FIG. 4: Glass No. 3 with a magnetic alloy consisting of 48.5% iron, 48.5% cobalt and 3% vanadium; wire thickness and spacing: 0.6 mm.

FIG. 5: Glass No. 3 with an alloy consisting of 52% nickel and 48% iron; wire thickness and spacing: 1.0 mm.

FIG. 6: Glass No. 5 with a magnetic alloy consisting of 12% iron, 3% niobium, maximally 0.3% tantalum, and about 85% cobalt; wire thickness and spacing: 0.6 mm.

The preceding examples can be repeated with similar success by substituting the generically or specifically described reactants and/or operating conditions of this invention for those used in the preceding examples.

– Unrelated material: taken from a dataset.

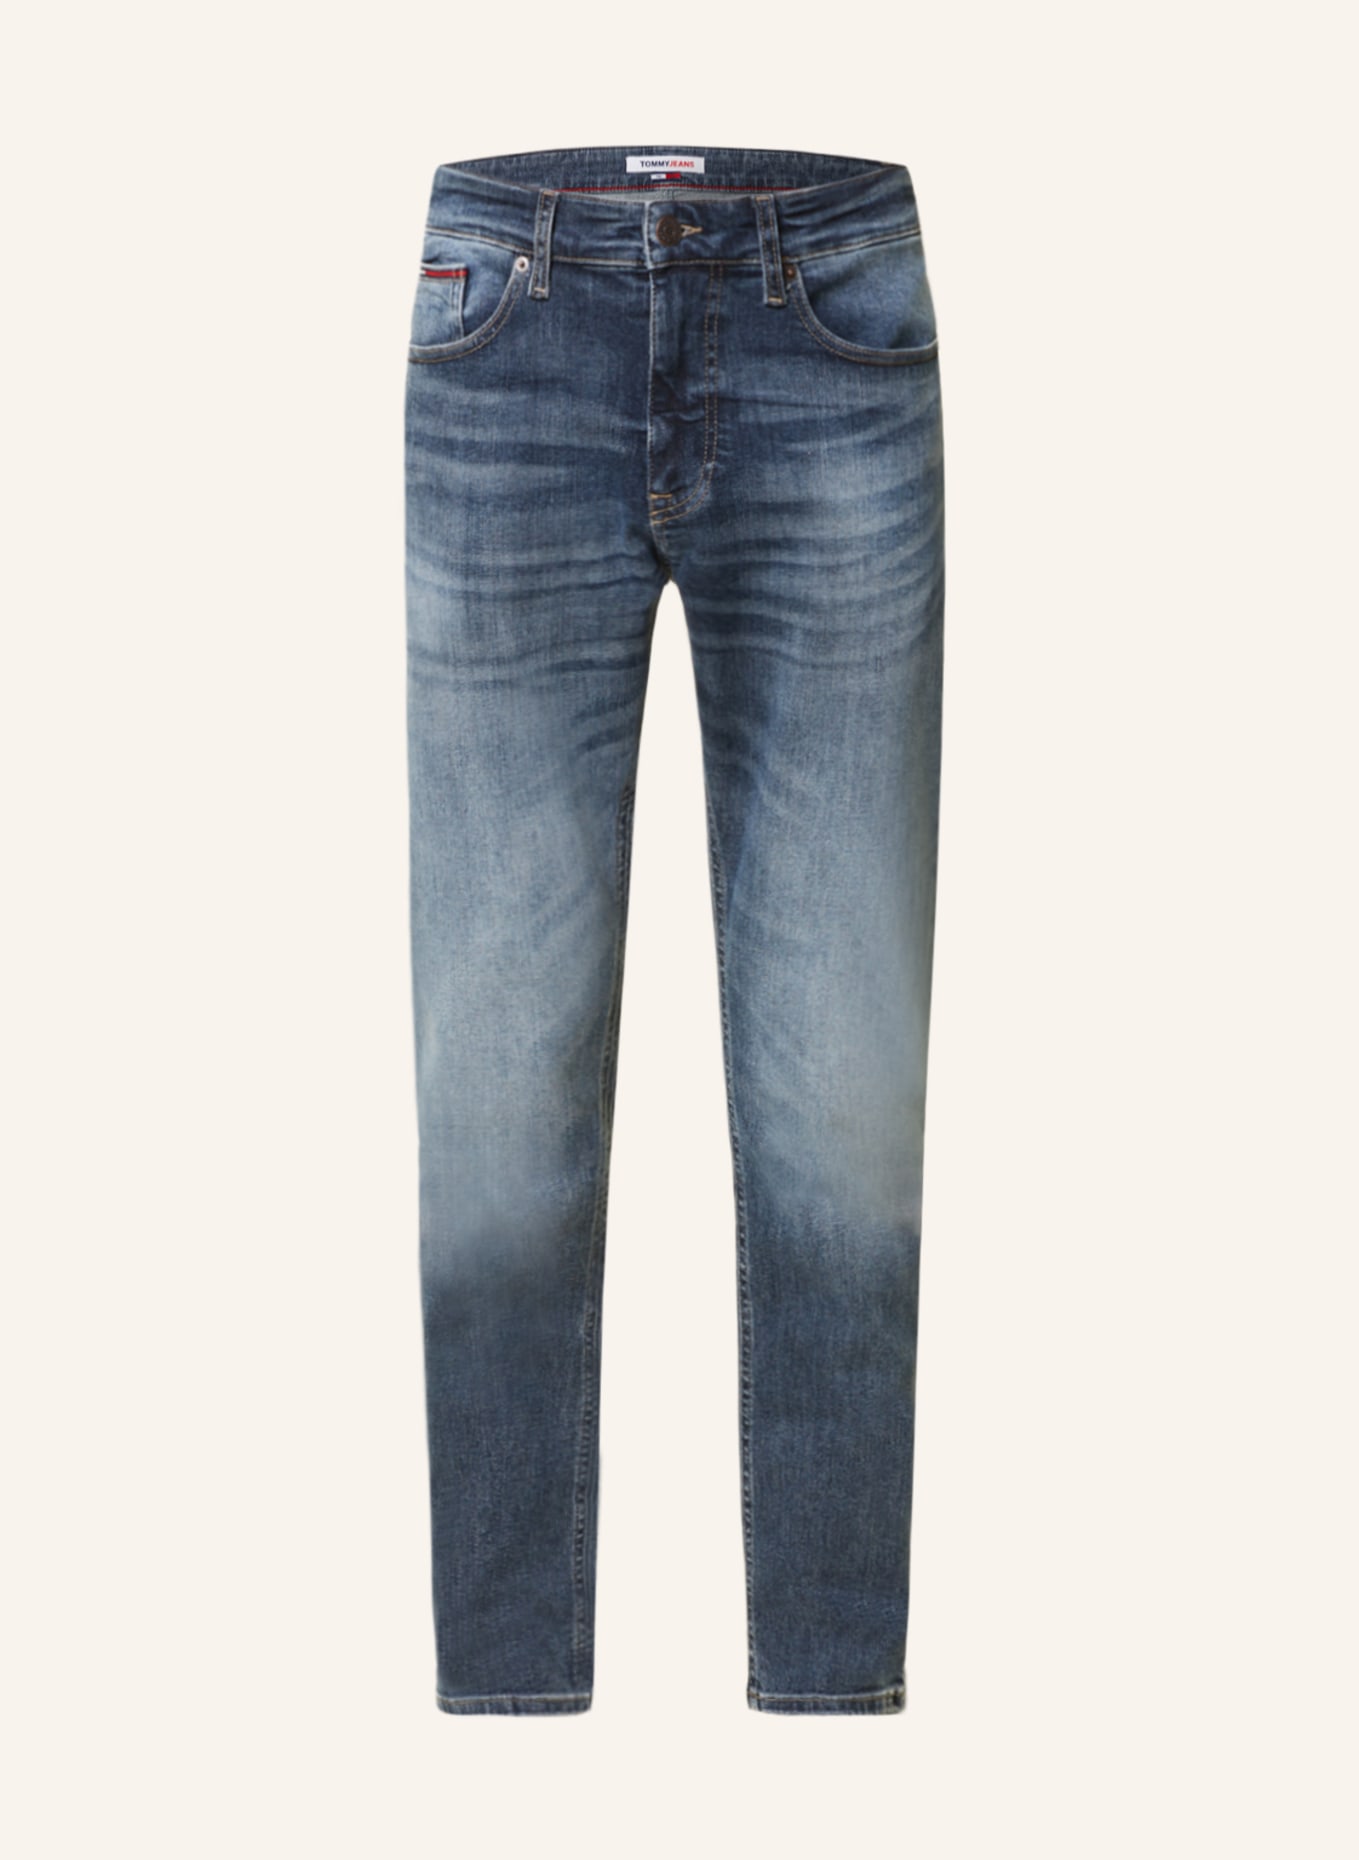 TOMMY JEANS Jeans AUSTIN tapered fit, Color: 1BK Denim Dark (Image 1)

From the foregoing description, one skilled in the art can easily ascertain the essential characteristics of this invention, and without departing from the spirit and scope thereof, can make various changes and modifications of the invention to adapt it to various usages and conditions.

Claims

1. A fusion glass of the series SiO₂ --Al₂ O₃ --Na₂ O--PbO--Fe₃ O₄ consisting essentially of 43.0-46.2% by weight of SiO₂ ; 1.0-2.0% by weight of Al₂ O₃ ; 6.2-16.0% by weight of Na₂ O which is the only alkali metal oxide; 33.0-46.1% by weight of PbO; 2.0-4.5% by weight of Fe₃ O₄ ; and a maximum of 0.2% by weight of Sb₂ O₃, all calculated as percent by weight of oxide; the glass being heat absorbing, having a softening temperature of 537°-601°C, and fusing to metallic electronic conductor contacts in a hermetic seal at low fusion processing temperatures of 763°-879°C whereby minimal vaporization of glass components occurs, the encapsulated metallic contacts so produced having stresses between the metallic conductor and the fusion glass, which upon subjection to rapid cooling in air or to cooling at 5°C/min, are characterized by a maximum tensile stress corresponding to an optical path difference of ≦400 nm/cm, at a specific birefringence of (2.7±0.1)×10^{-6 mm2 /N, said metallic contacts having a coefficient of thermal expansion at 20°-300°C of 8.4-12.2×10-6 /°C. and a maximum heat absorption at 1 to 1.5 μm.}

2. A metallic, electronic conductor contact encapsulated in a fusion glass of claim 1.

3. An encapsulated metallic contact of claim 2 wherein the metal contact is magnetic.